I was doing a little research today and reading God’s Secretaries by Adam Nicolson. One sentence captivated me: “The old church and the new technology were the closest of allies.” I know it’s a hobby-horse that I ride all the time, but the church has to be in the business of redeeming technology and using it to serve God’s purposes. We need to be turning iPods into GodiPods.
Hit the rewind button.
Martin Luther wasn’t just a theological genius. He was a technological genius. In fact, without the printing press, Luther’s genius would have impacted a few locals. But technology is what fueled the Protestant Reformation.
The Bible was unchained from medieval pulpits. Luther put the Bible in the hands of parishoners. It was the democritization of discipleship. The average Christian could read and study the word of God for themselves. We take it for granted, but the printing press was a Quantum leap in discipleship! It was the transition from oral to analog. What we are now experiencing is the digital revolution. We’re experiencing the shift from analog to digital.

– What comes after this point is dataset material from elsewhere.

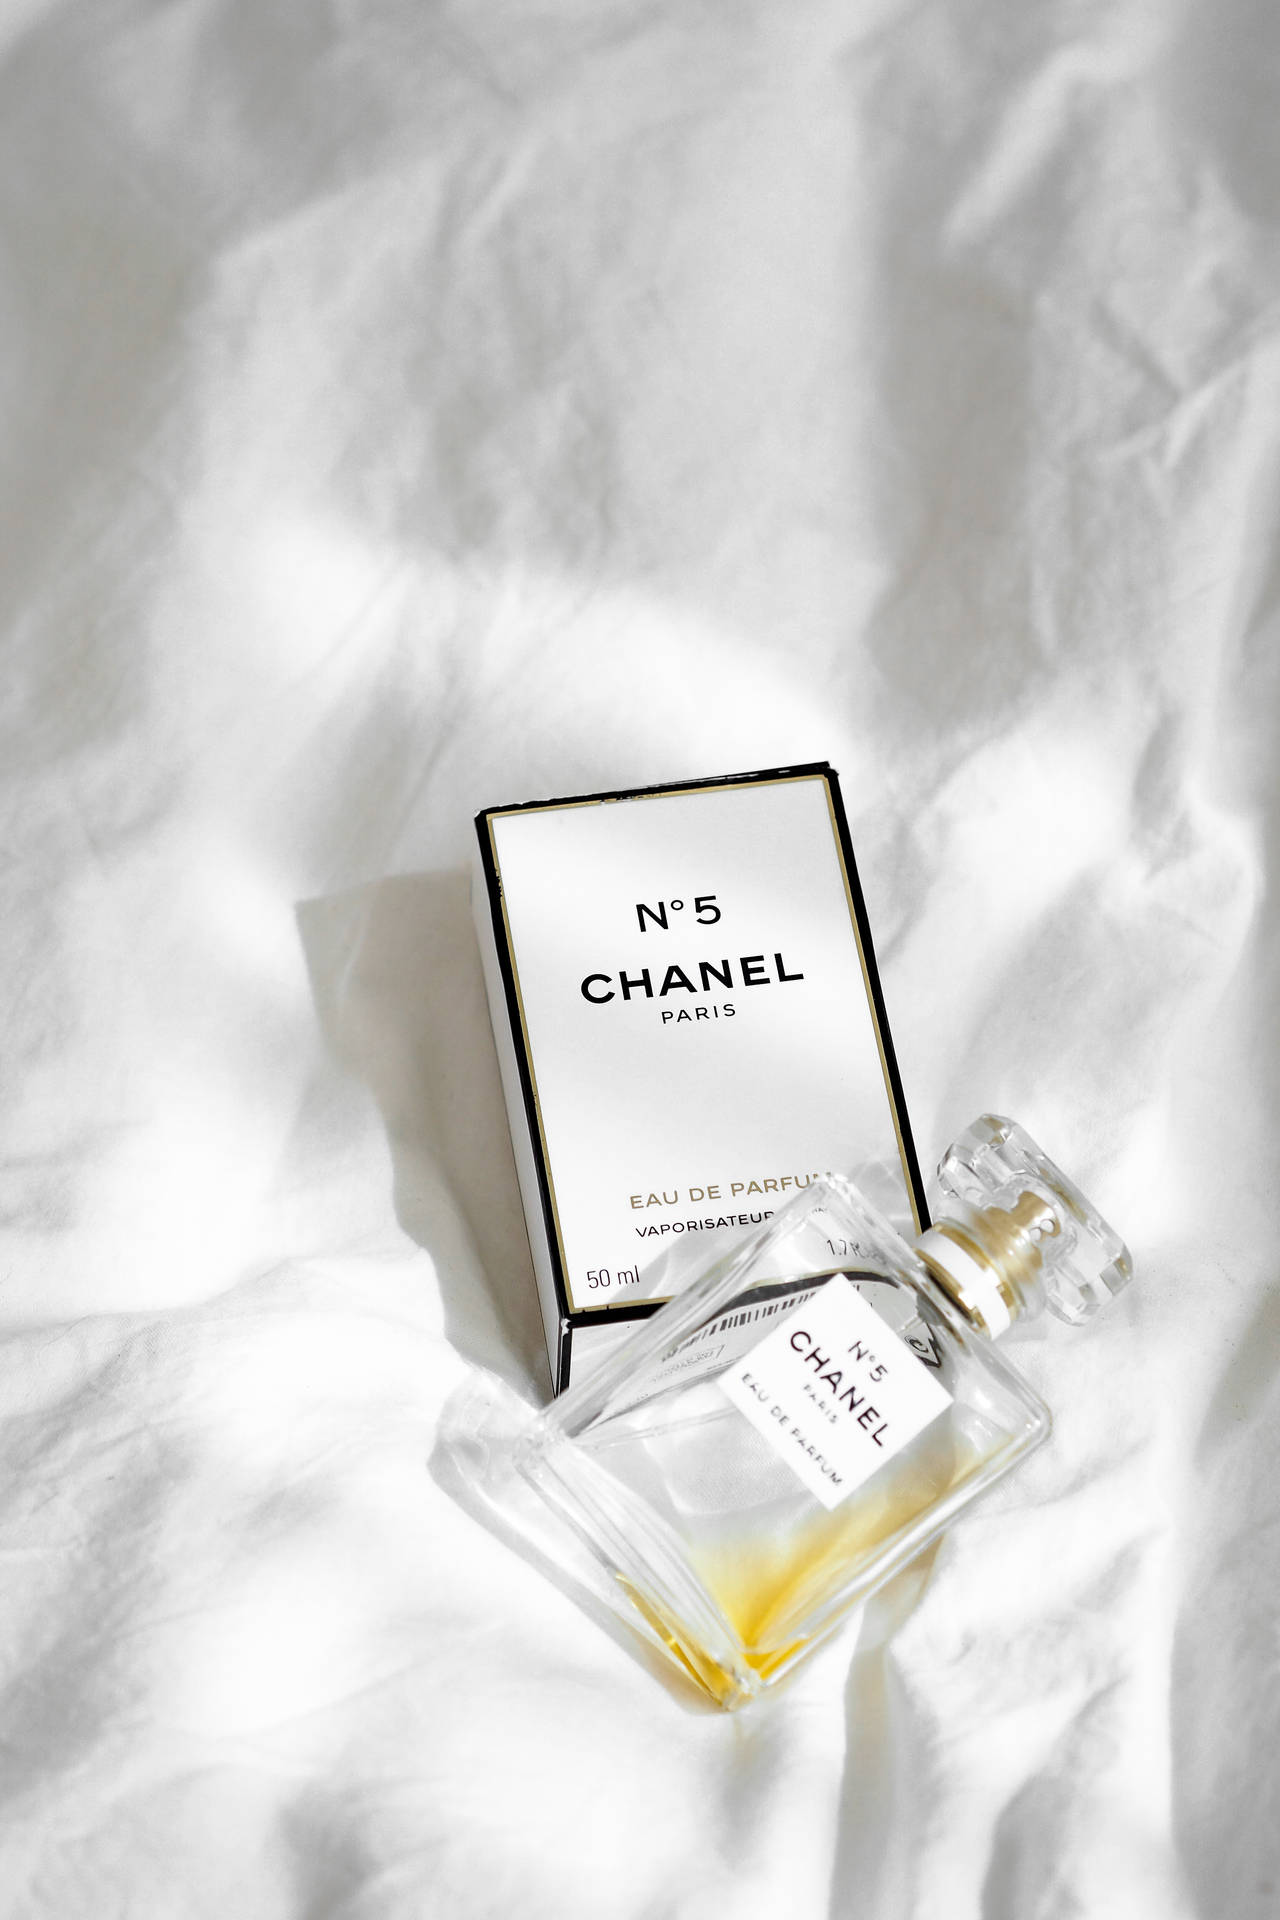 Chanel No. 5 Perfume Empty Bottle Wallpaper

Nicolson calls Luther “the first genius of mass communications.” His translation of the New Testament sold 3,000 copies immediately. A German printer estimated, forty years later, that he had sold 100,000 Lutheran Bibles.
There was a backlash from resisters. The first burning of a Prosetant Bible book was in 1521. A Protestant printer was burned in 1527. But technology fueled a revolution. The first Swedish Bible was printed in 1541. A Finnish New Testament was completed in 1548. The first Bible in Spanish was publihsed in 1569. A Polish Bible was printed in 1561. And a Hungarian Bible was published in 1590.
That theological revolution was facilitated by a technological development. Johann Gutenberg deserves some credit for the Protestant Revolution.
For what it’s worth, my passion for blogging and godcasting have historical roots. The Internet is to my generation what the printing press was to the 15th century.
Theology and technology ought to be the closest of allies.